There are two significant facts you should know about Nathan's inclusion in the "Domestic Bliss" section. One, he gave the best quote in the whole magazine: "There are black widow spiders in my backyard, coyotes walking down the streets, killer bees, rattlesnakes -- there's so much around L.A. that'll kill you!" And second, his glamor shot was one of the worst Photoshopped images I've ever seen. Don't the editors of People Magazine know the cardinal rule? You don't Photoshop Nathan Fillion's face. In fact, I'm fairly certain that was one of the original Ten Commandments: When thine Canadian Nathan Fillion appears unto you, thou shalt not ruin his prettiness with thine Erase tool.* Right?

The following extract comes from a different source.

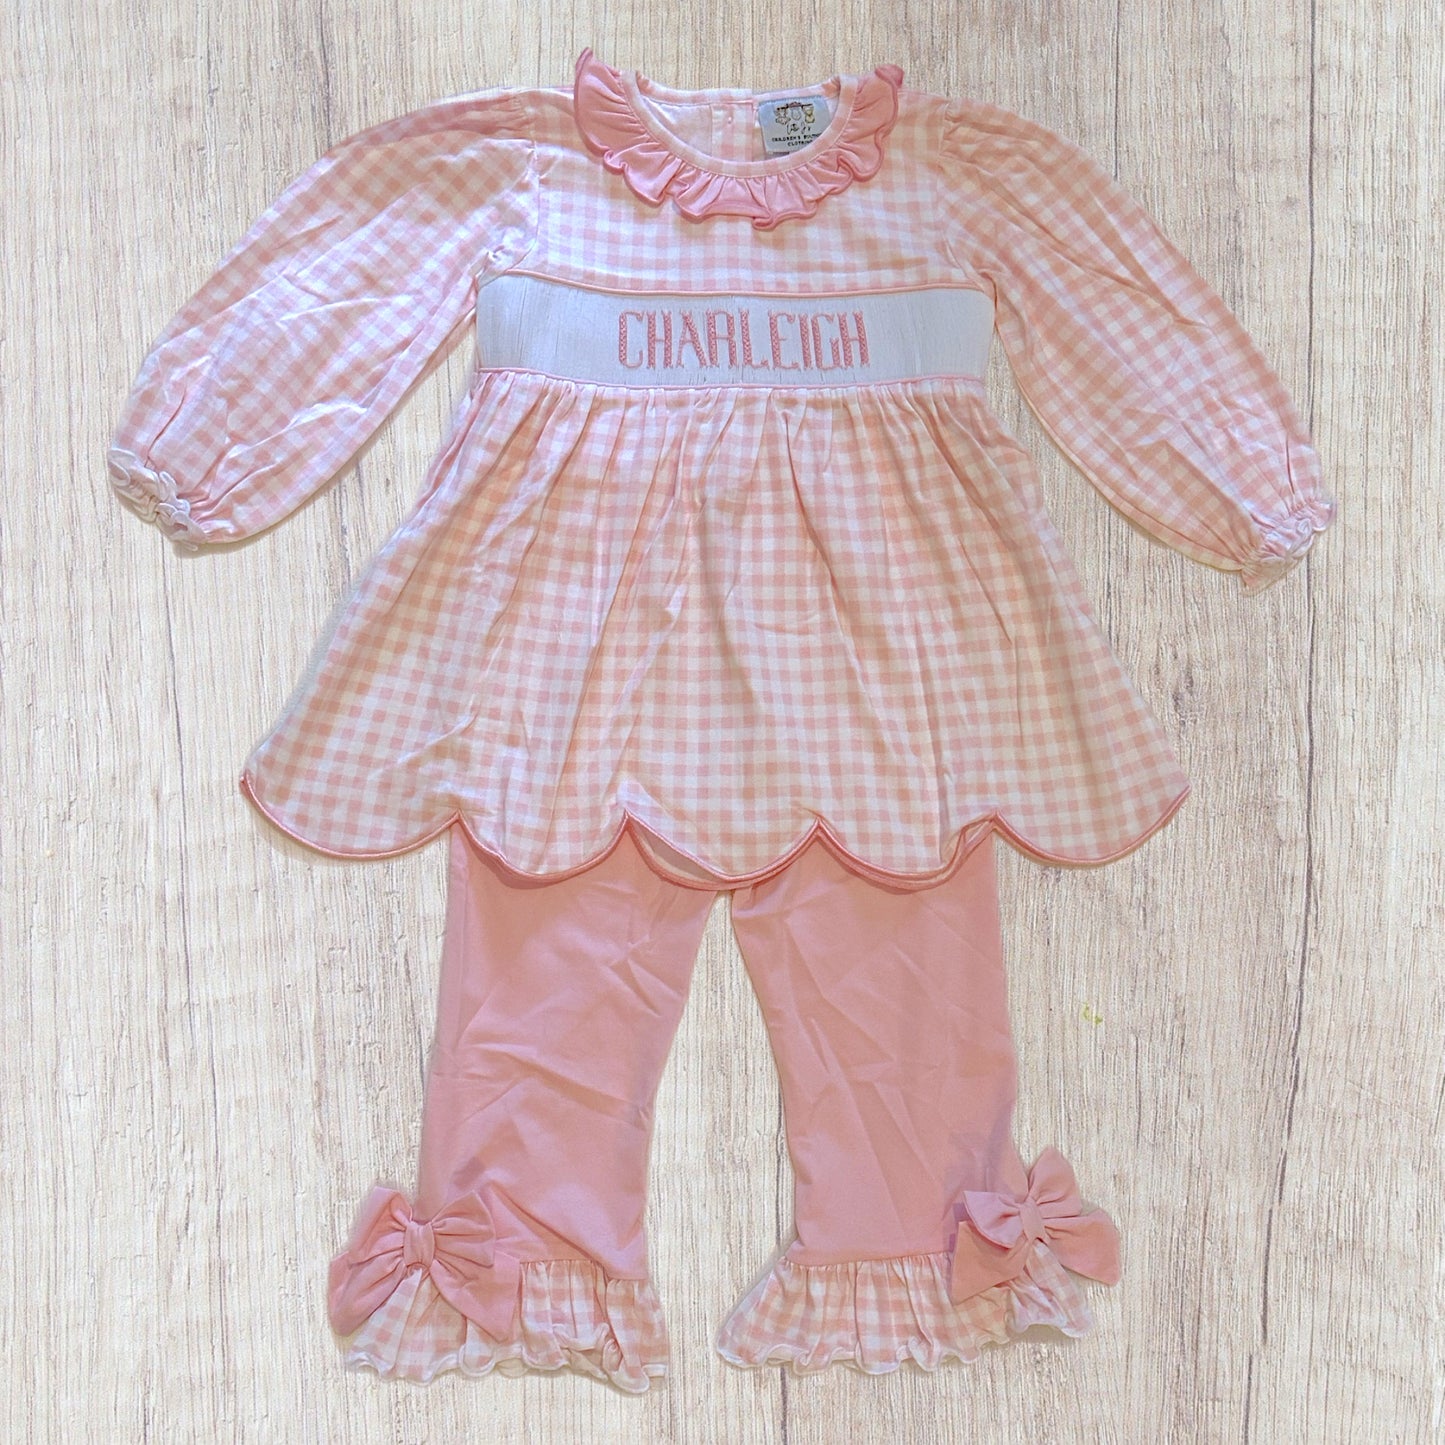 “Charleigh” 4T Embroidered Pink Pant Set (RTS)

In order to defray the sadness of the poorly Photoshopped Nathan, The Park Bench is naming him its November Nerd Man of the Month. We have bestowed this honor upon him for other significant reasons as well including the fact that:
He can fly a space ship. How cool is that?

Okay, he might not actually know how to fly a space ship, but I bet he knows people who can.

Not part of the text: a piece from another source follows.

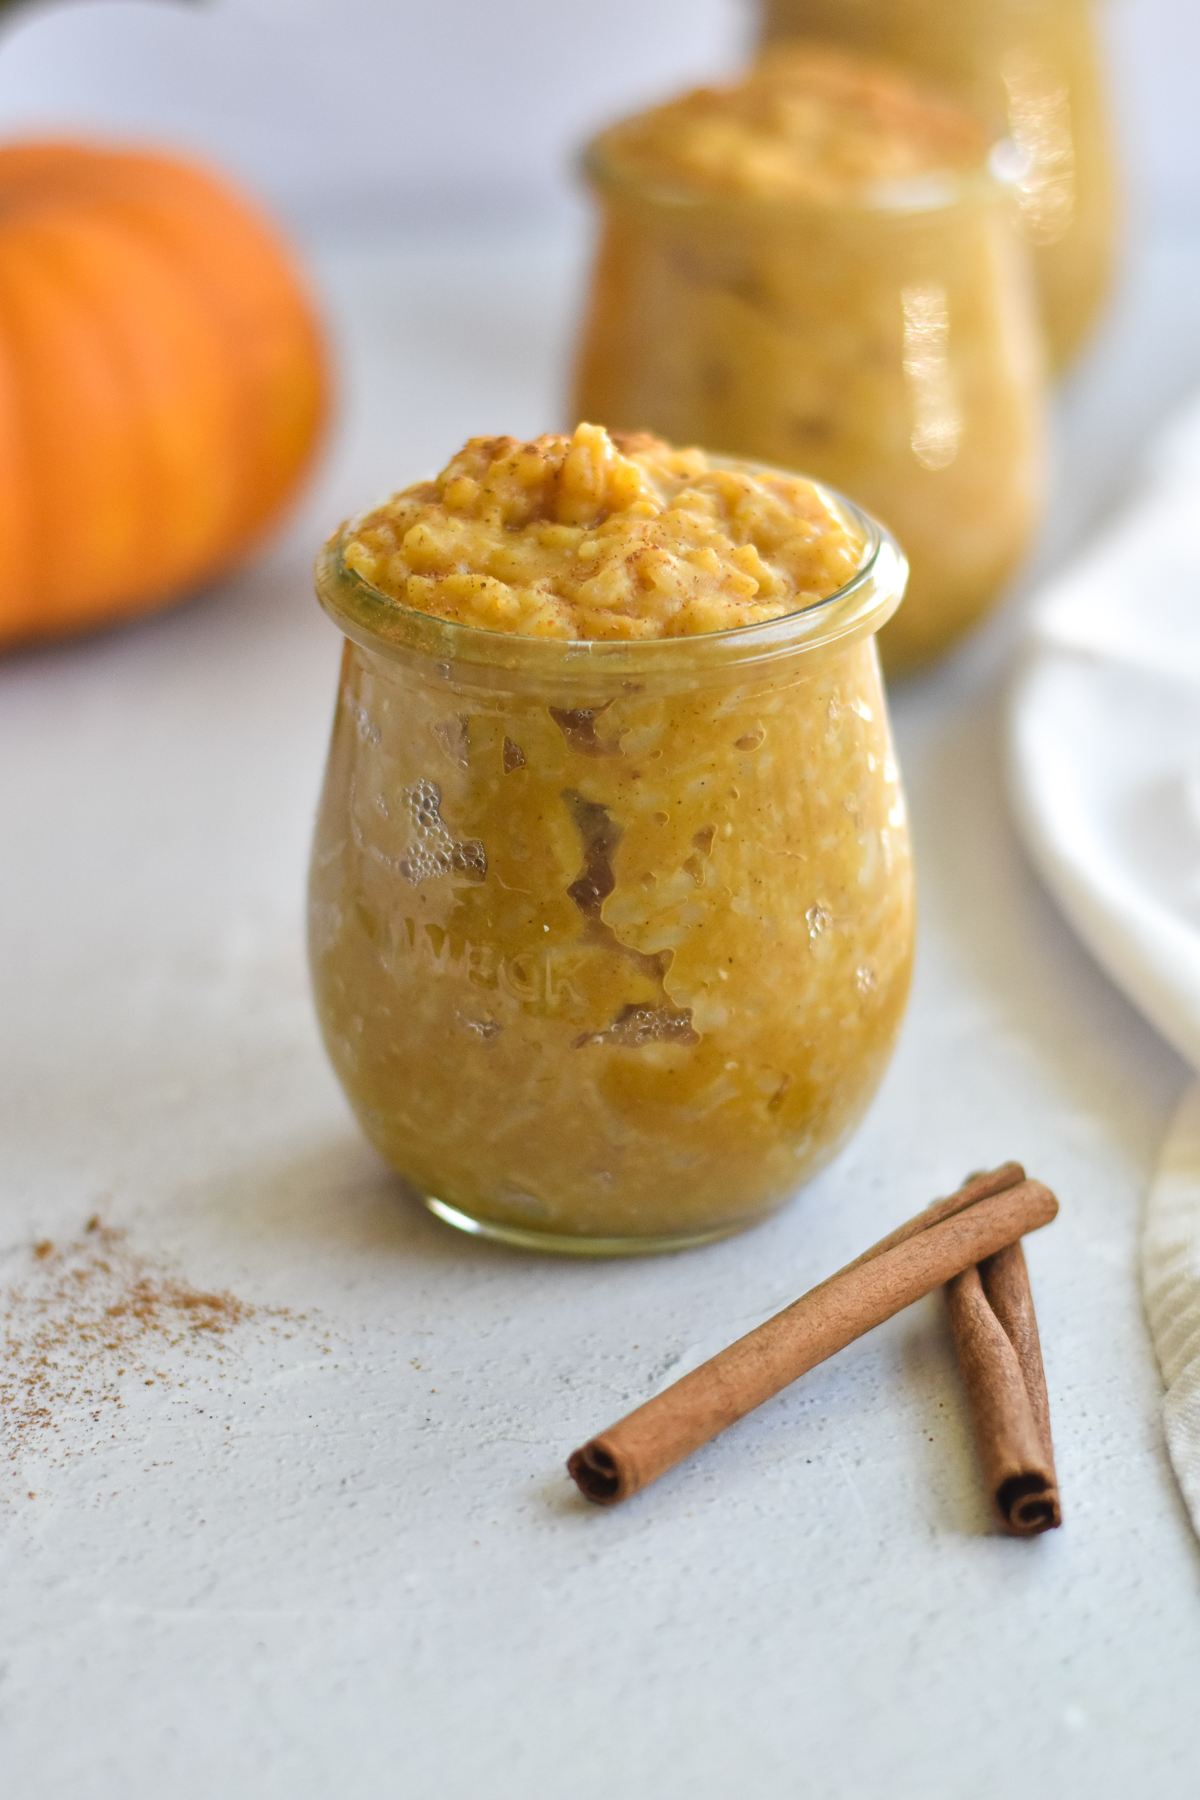 A fall spin on the traditional arroz con leche: pumpkin creates a creamy pumpkin spice rice pudding option that is perfect for breakfast or dessert.

Also, he's a terrific, under-appreciated actor who shines in anything he does, from his days as Captain Mal in "Firefly" to his appearances in "Lost" and "Buffy" to his role as a sweet, confused and sympathetic ob/gyn in "Waitress" to his role as a sweet, confused and sympathetic ob/gyn in "Desperate Housewives" (I'm sensing a pattern here) to his hilarious yet heroic turn (he battled a deranged deer!!) as Bill Pardy in "SLiTHER."

And most important of all, the man's damn funny. Just check out his three faces of soap opera acting:
For all this and yes, for his ability to wear tight pants, we bestow our shallow Park Bench love on Nathan Fillion and welcome him to the Nerd Man pantheon.
*The rule was amended years later to read: Thou shalt not Photoshop Nathan Fillion unless it's to make it look like he was your date at the senior prom. As the Pope said at the time, "That's just common sense."